Dialectical Imagination — The Angel and the Brute Sing Songs of Rapture (Atma Nadi, 2017)
The piano-drums duo of Dialectical Imagination is all about chasing a big sound, but not in a noisy way.
Eli Wallace (also of the Bay Area trio Sound Etiquette — who play tonight at Octopus Literary Salon, incidentally) provides jittery and hammering piano laced with jazz and classical elements. It’s like heavy, elegant drapery crashing down on your head. That’s paired with the thunderous but sure-handed drumming of Rob Pumpelly, formerly of prog band miRthkon.
“Angel and the brute” is a good way to describe both sides of the music — it gushes lushly in one moment, then screams with adrenaline-rush urgency.

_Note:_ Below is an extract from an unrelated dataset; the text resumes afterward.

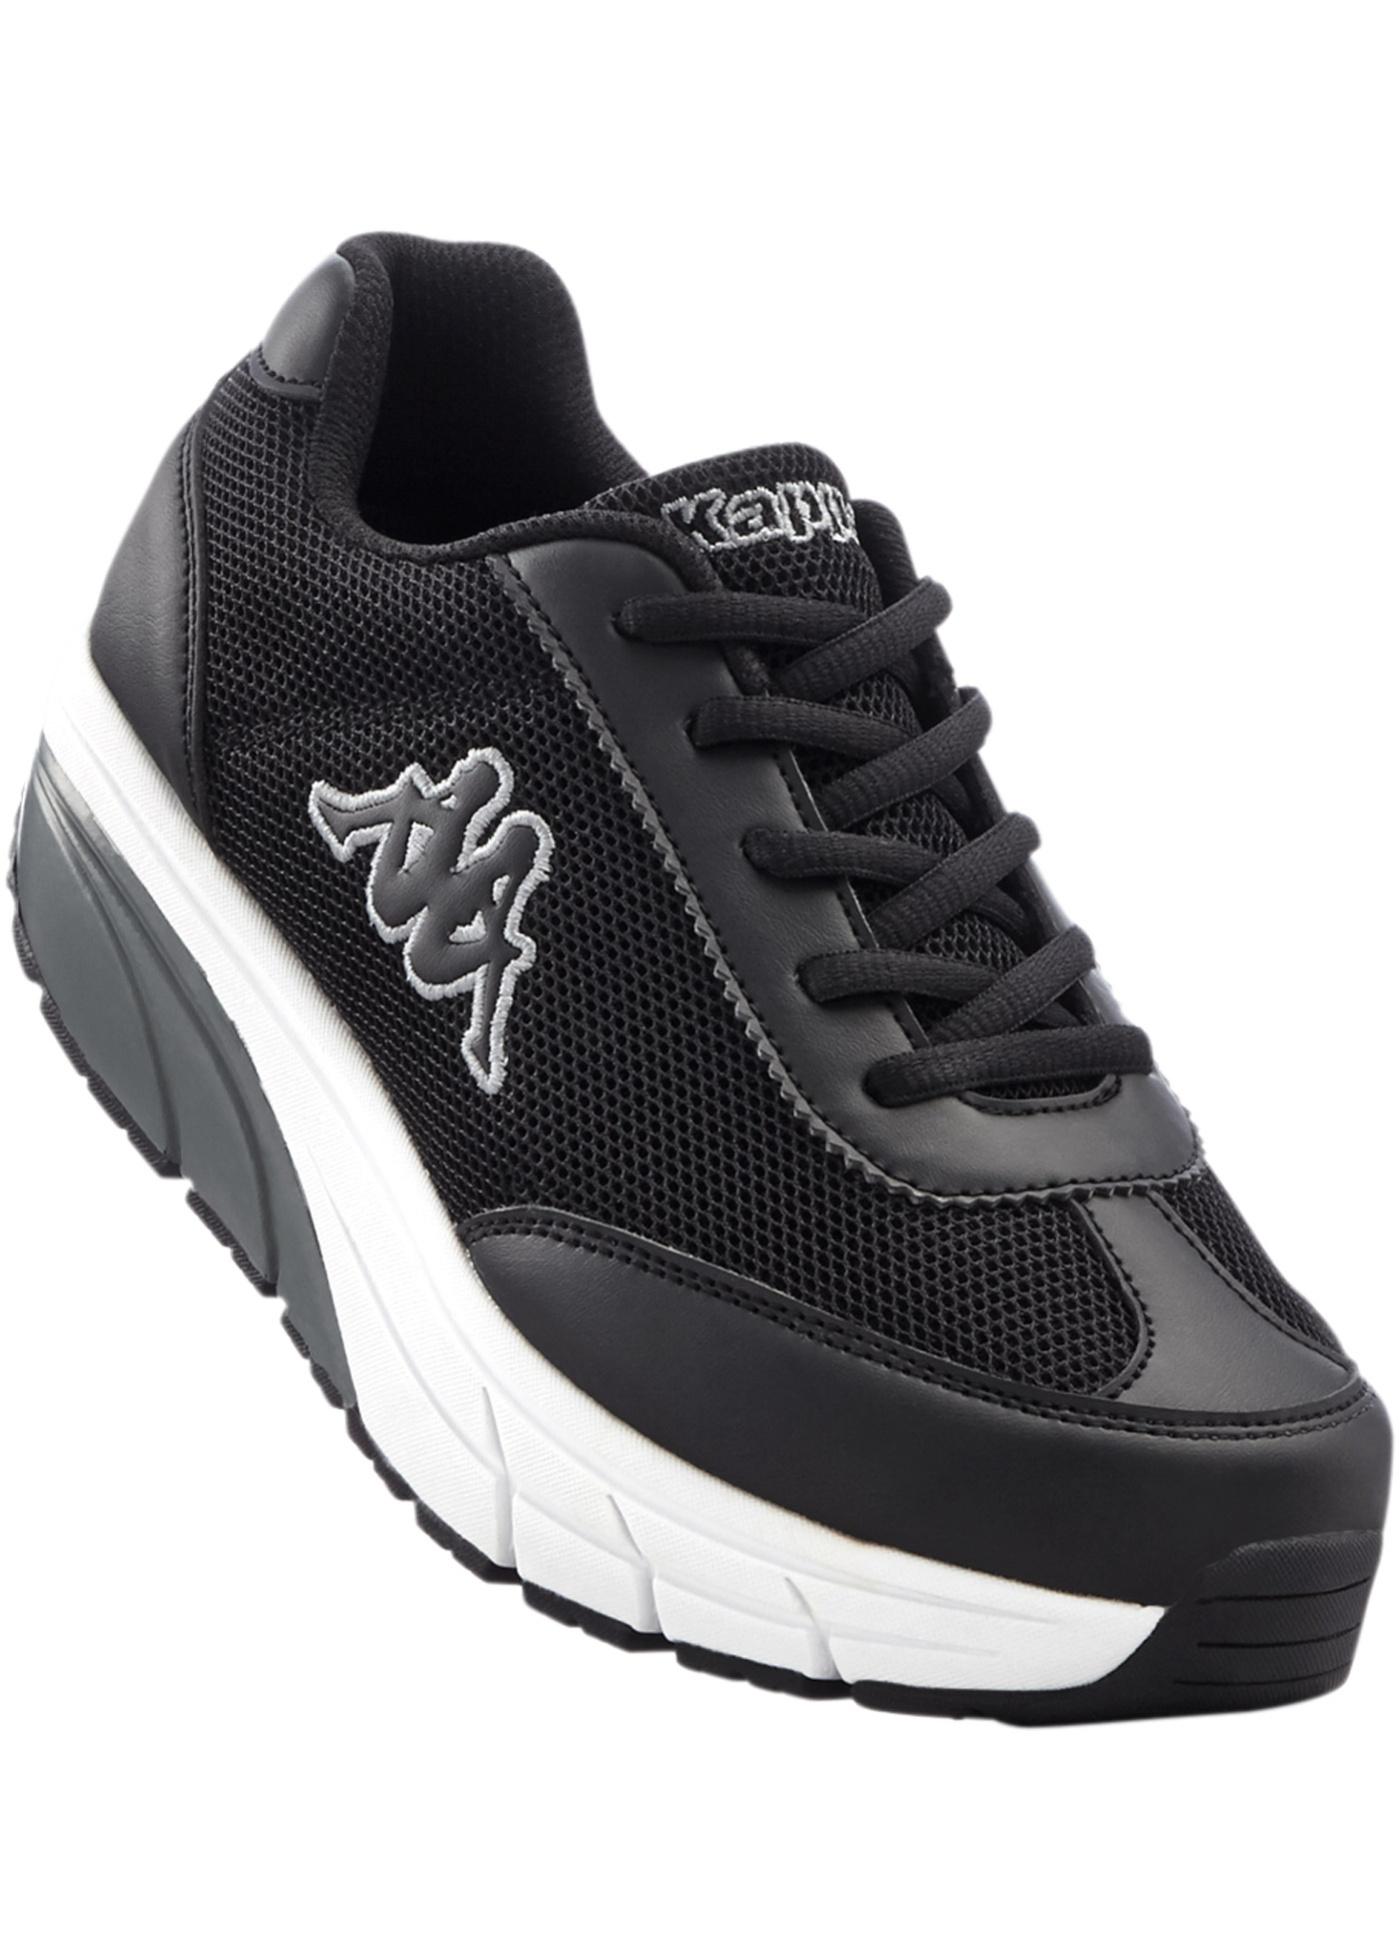 Chaussures de sport Kappa

The 12-minute “Sky in Eye Free of I” is a good example. It opens with some sophisticated, jazzy dabbling — Pumpelly on brushes, even — that soon begins to speed up and unravel. By minute 8, Wallace is stabbing mercilessly at the bass notes while Pumpelly, now using drumsticks, batters away deftly.
“Immutable Light” is a power play, with Wallace sternly hammering away for a dramatic opening and Pumpelly taking a strong solo full of toms rolls and cymbal crashes, in a style closer to serious classical percussion than metal-like thrash. “Rungs” is another good example of high-energy bobbing and weaving, possibly the most exhilarating track on here.
One dial down the notch in intensity is the jittery “Turnabout,” where both players show tasteful restraint during Wallace’s hyperactive splashing.
“Deepest View’s Horizon You” starts out describing vast, mysterious caverns, then dissolves into a lyrical and downright pretty ending for the album.
If you buy the album in physical form, there’s a fun twist: It comes on “faux cassette” — a USB drive in a cassette-shaped housing. You can also download and stream the album on Bandcamp.